Inadequately reflecting realities
The President, in his generally unflappable manner, observed this week that political interference has been removed from the judiciary, pointing to this instance and others as evidence thereof. To be fair, this credit must certainly be accorded to the new political dispensation. Such judicial orders would have been impossible under the iron hand of the Rajapaksa Presidency distinguished by its arrogant refusal to accept even a remote challenge to its authority. So when the former Defence Secretary lavishly thanks the Court for the relief granted to him, the irony thereof is profound. Make no mistake about that.

But this generalized Presidential assertion, as pleasing as it may be, inadequately reflects far more complex realities at play. Contrast therefore, the Prime Minister’s perturbation that he and the Cabinet have been effectively prevented from answering the matters in the former Defence Secretary’s fundamental rights petition until October this year where (probably) a new political dispensation will be in force.

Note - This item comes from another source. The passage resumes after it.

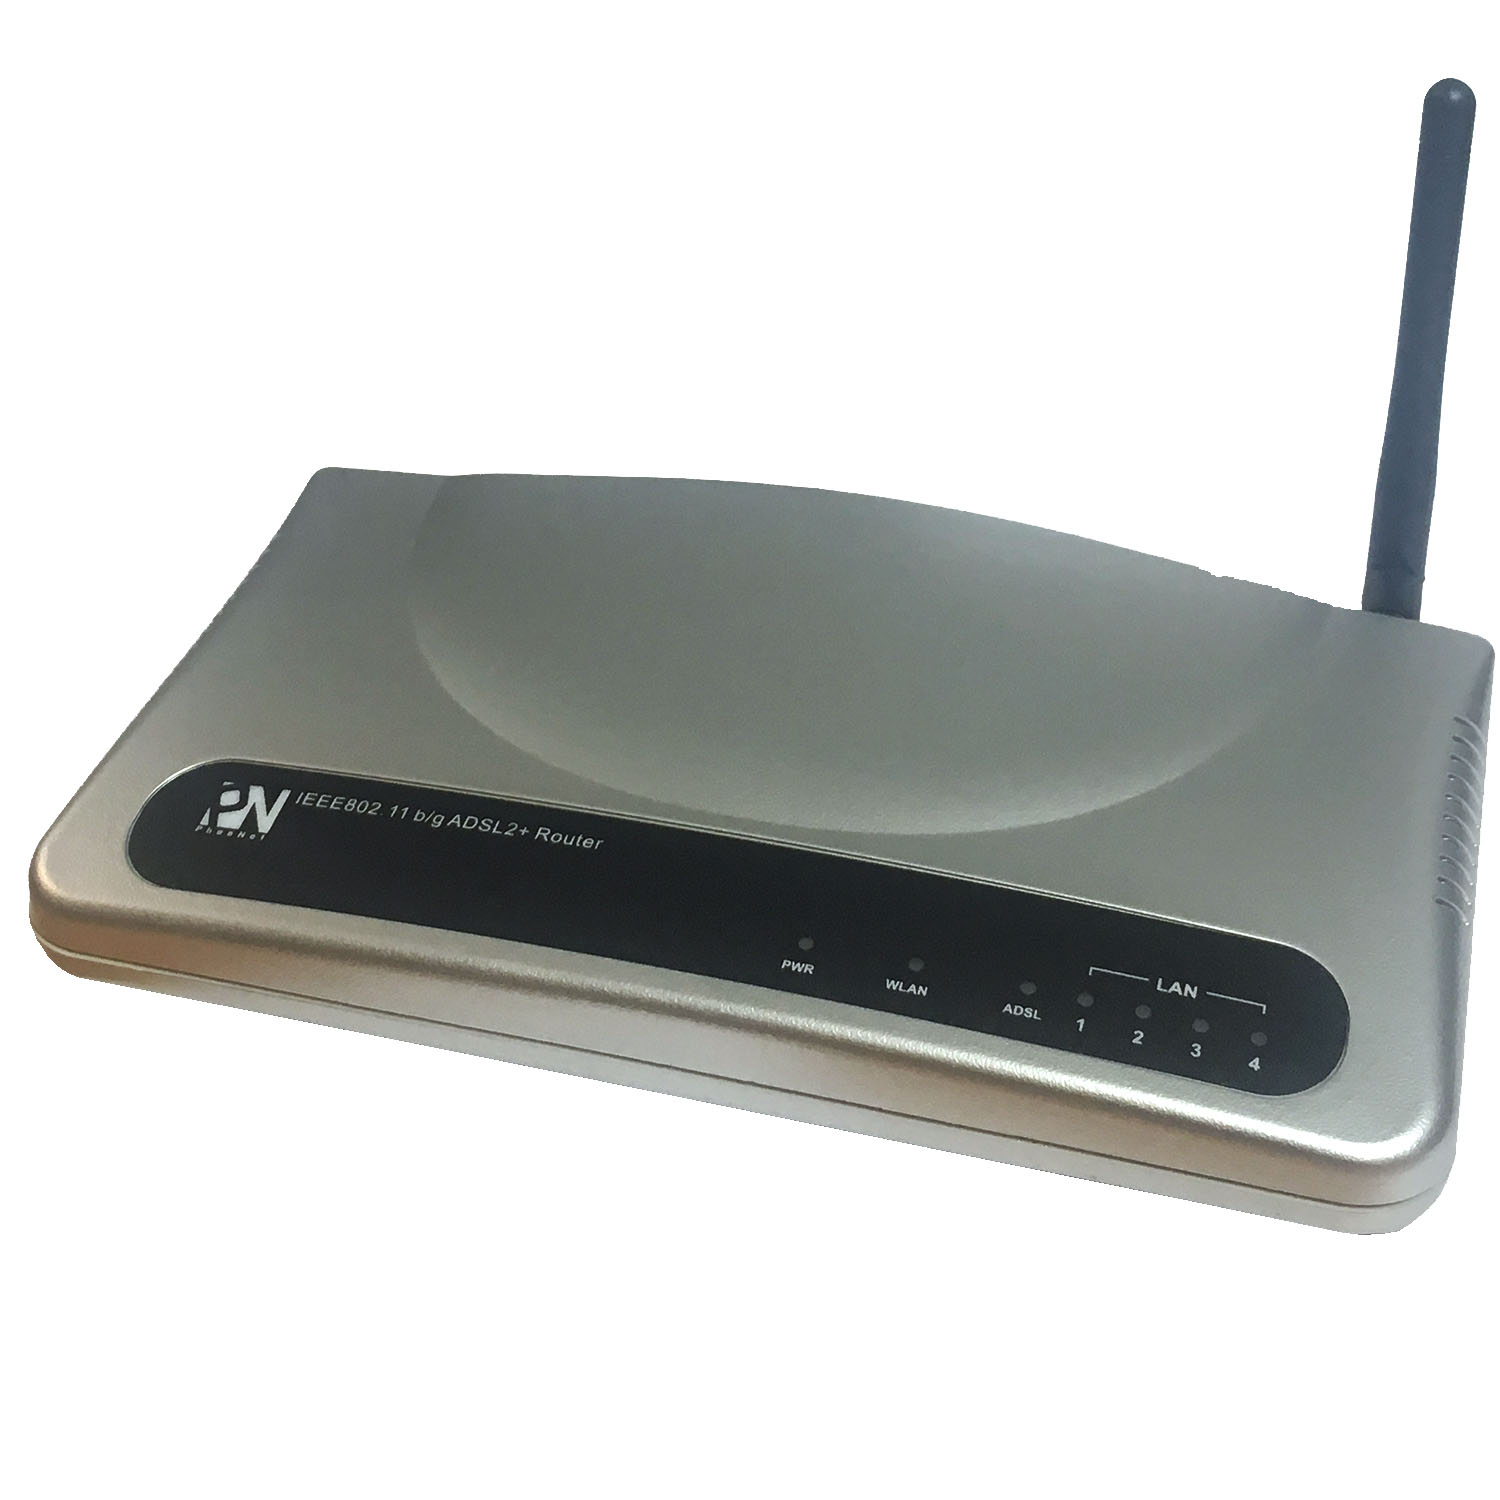 مودم روتر ADSL2 Plus بی سیم فی نت مدل WBIG-634TRA

Indeed, the larger impact of the matter concerns the very legality of the new criminal investigations unit established by the Government which has been impugned in the petition. Undoubtedly this gives rise to grave questions regarding the legitimacy of the investigations in general.

Provoking other potentially inflammatory debates
Meanwhile the Prime Minister’s further claim (reportedly) that, in the wake of the order, there was nothing left to be done but to seek the advice of the Commonwealth, lawyers and ‘other relevant people of the Commonwealth’ provokes another potentially inflammatory debate of ‘foreign’ vs ‘local.’
In any event, these claims raise more questions than answers. Who are these ‘other relevant people’? Do seeking opinions from lawyers and the Bar in regard to such judicial orders constitute a healthy practice? This brings back recent memories best forgotten when demonstrators demanded that ‘a Rajapaksa Chief Justice’ be summarily dismissed, the Bar proffered an eager opinion saying that this was perfectly proper and all gratefully salaamed when these demands were met.

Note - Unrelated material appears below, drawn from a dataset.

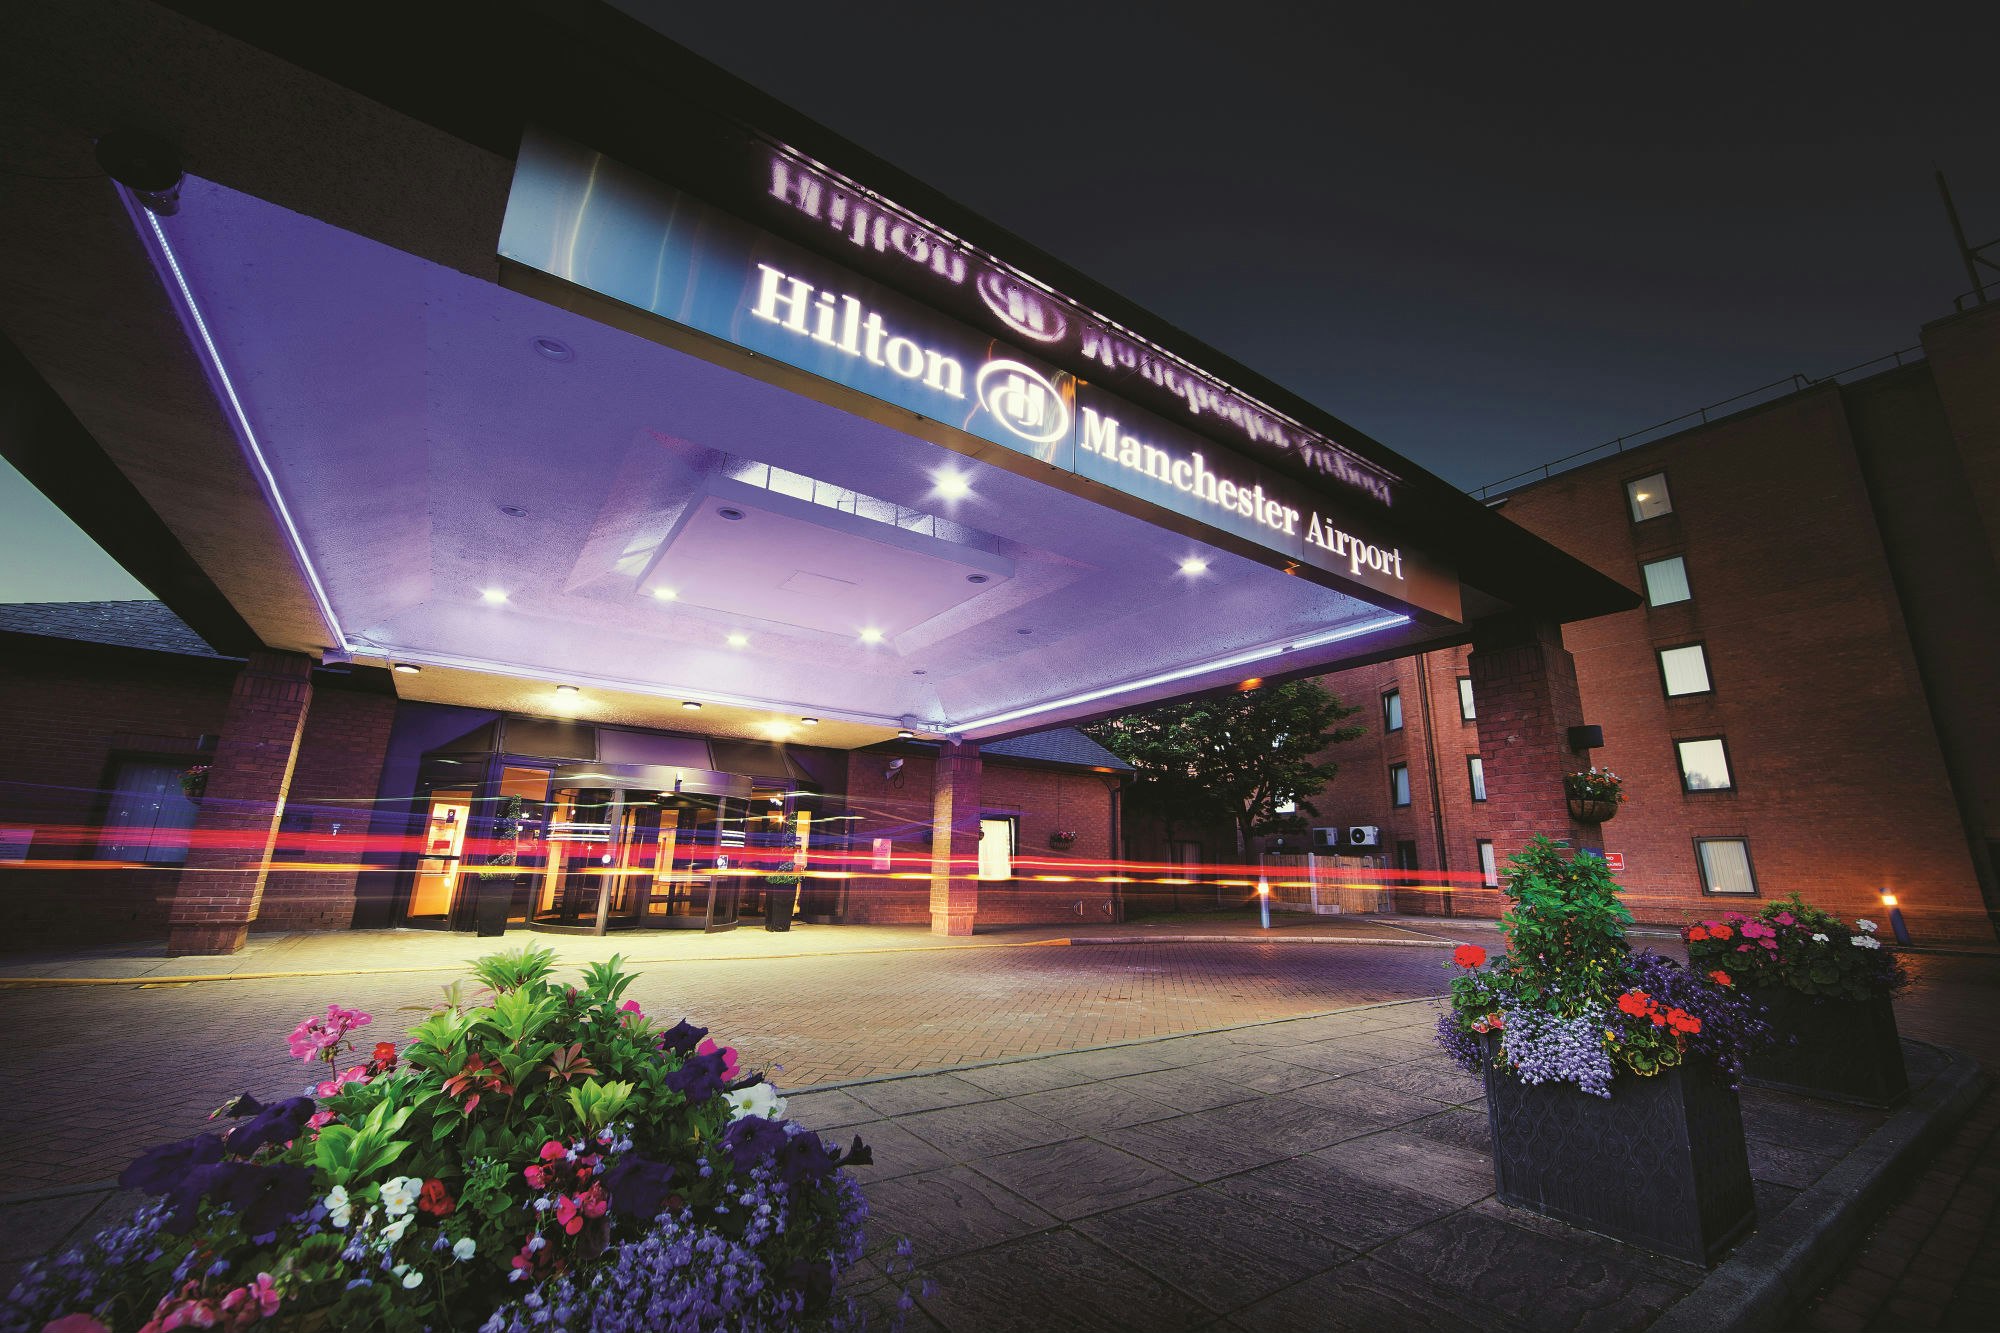 Hilton, Manchester Airport - Dorval Suite image 2

Contrast this, hypothetically, with the constitutional alternative of a prompt impeachment but with due process safeguards as per the admirably reasoned judgment of Supreme Court Justice Gamini Amaratunga referencing the ugly dismissal of former Chief Justice Shirani Bandaranayake. This option would have been firmly in consonance with the Rule of Law. It would have stamped the relevant judicial improprieties as part of the public record rather than remaining as mere allegations. It would have also held out definitive warning signals to other judicial officers inclined to err. But that was not to be.

No ‘quick-fix’ solutions to the problem
In the instant dispute as well, defined legal procedures apply whether this concerns challenging the propriety of a two member Bench awarding interim relief or the fact that the relief was awarded effective till October without the respondents being heard. So this flippant jump to invoking the Commonwealth on the part of the Prime Minister is somewhat baffling. Again, the resultant controversy promises to take the focus away from the actual issue in hand.

Even at this late stage, the treacherous path of ‘quick-fix’ solutions in rectifying the independence of the country’s judicial institution must be eschewed. It is high time that the ‘yahapalanaya’ Government recognizes this fact even as strongmen of the Rajapaksa regime rush to court successfully pleading judicial intervention.

And the need for serious public debates on judicial accountability as well as judicial independence remains stronger than ever.